While rereading the new, improved §3.103 Due Process to grab the (a) for “every benefit that can be supported in law” and insert it into my ‘AB v Brown and progeny’ file, I read down further and came to the part guaranteeing us a right to a hearing.  Thence it dawned on me. While this “right” is still available, it has been enormously truncated. Gone are the days of the DRO Hearing (on or off the record) at the local Puzzle Palace. What we’ve been seeing with our new friend Amia is a lighthearted attempt at ex parte justice. Cupcake calls it “All VA hat and no Wilkie.

Imagine if you will. There is no such thing as a DRO hearing now unless you opted to stay in Legacy. If you want something close, we have the HLR (higher level of review) available. This is a chimera. I get  emails saying “Can you imagine that?
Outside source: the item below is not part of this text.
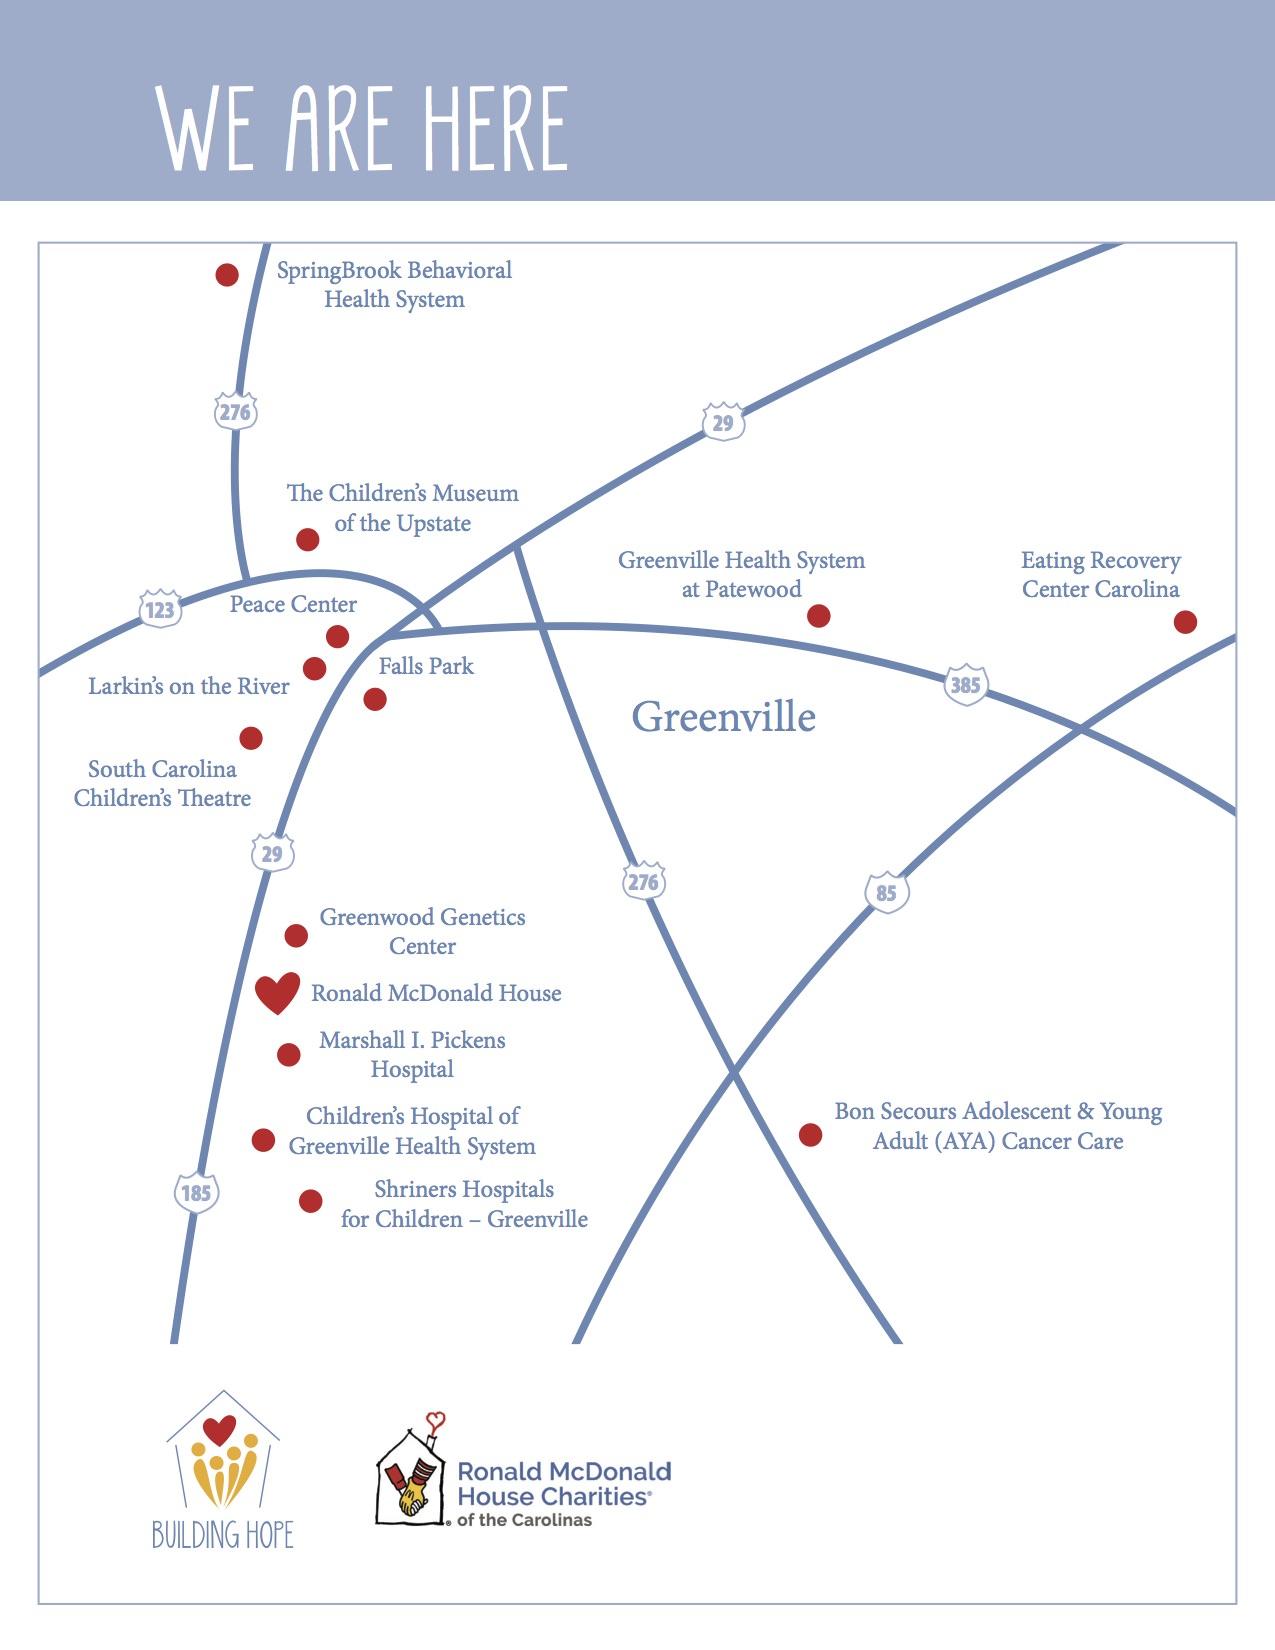 RMH-1010-Capital Campaign Impact MapRMH-1010-Capital Campaign Impact Map...[1]

The HLR guy emailed me and declines to hold the informal telephone call “conference”. He said nothing would change his mind anyway.” Well, hush my due process. These jackwads invented all this hooey and now are blowing us off. If you truck all the way up to Part III (D)-§3.2601, you’ll find this gem under (h) Informal Conferences

For purposes of this section, informal conference means contact with a claimant’s representative or, if not represented, with the claimant, telephonically, or as otherwise determined by VA, for the sole purpose of allowing the claimant or representative to identify any errors of law or fact in a prior decision based on the record at the time the decision was issued. If requested, VA will make reasonable efforts to contact the claimant and/or the authorized representative to conduct one informal conference during a higher-level review, but if such reasonable efforts are not successful, a decision may be issued in the absence of an informal conference.

So, a formal face-to-face hearing has evaporated into, at best, an unannounced  informal hearing via telephone only if you’re lucky enough to be in the office in Seattle and not in East Bumfork, Michigan at a BVA videoconference with your Veteran. If you want a real scheduled sit down BVA hearing now, you have to go sit on the Washington DC Group W bench of Alice’s Restaurant fame and wait your turn. and wait…and wait…and wait. Welcome to Camp Delay and Deny. Did I mention the I in A.M.I.A. stands for Improvement? The good news is the BVA waiting room at 1425 I street is really buff and freshly remodeled. The chairs are comfy too.

The new AMA surprises are endless and well-concealed over the four corners of 38 CFR. You think they’ve reinvented the wheel when in reality we’re back to horse-drawn carts and nobody knows which side of the road to drive on again. You cannot but wonder how (or why) an “intake specialist” chooses when to say you used the wrong form. They pointedly do not tell you which to use-only that the one you’ve chosen is incorrect. With only two input choices, you had a 50-50 chance of getting it right. So why is it always the wrong one?  With CUE, your odds should go up to 100%-maybe. I refiled my CUE yesterday before surgery on a 995 and can’t wait to see a) another rejection for the wrong form; b) a two-week delay in CESTing it while they try to construe the meaning of “Motion to Revise”or; c) sending it back to me and demanding the client wet ink sign it even though the POA is in the VBMS. This is worse that Forest Gump’s box of chocolates. It’s not that you never know what you’re going to get. It’s that you never know if you’ll get anything.

We’re encountering the same thing at the BVA with 10182s. The Litigation and Support kids call it a 10 182-two number groups- not a one-oh-one-eighty-two. Just for shits and grins, from now on I think I’ll start using the word “Ama”, or better yet, the word Amia and see if I can conflusticate these acronym-obsessed dickheads. How about “Well, I hold his Poah (POA) so I’m confused as to what else I need to discuss this claim, sir.” “……….Ah, poah? What’s a, a what’s a poah Mr. Graham?… Wait.  Did you say her first name was Amia? How do you spell that?” Hiller for HLR? The choices are myriad. Have fun.

“There’s a dog in Wisconsin that tells jokes.”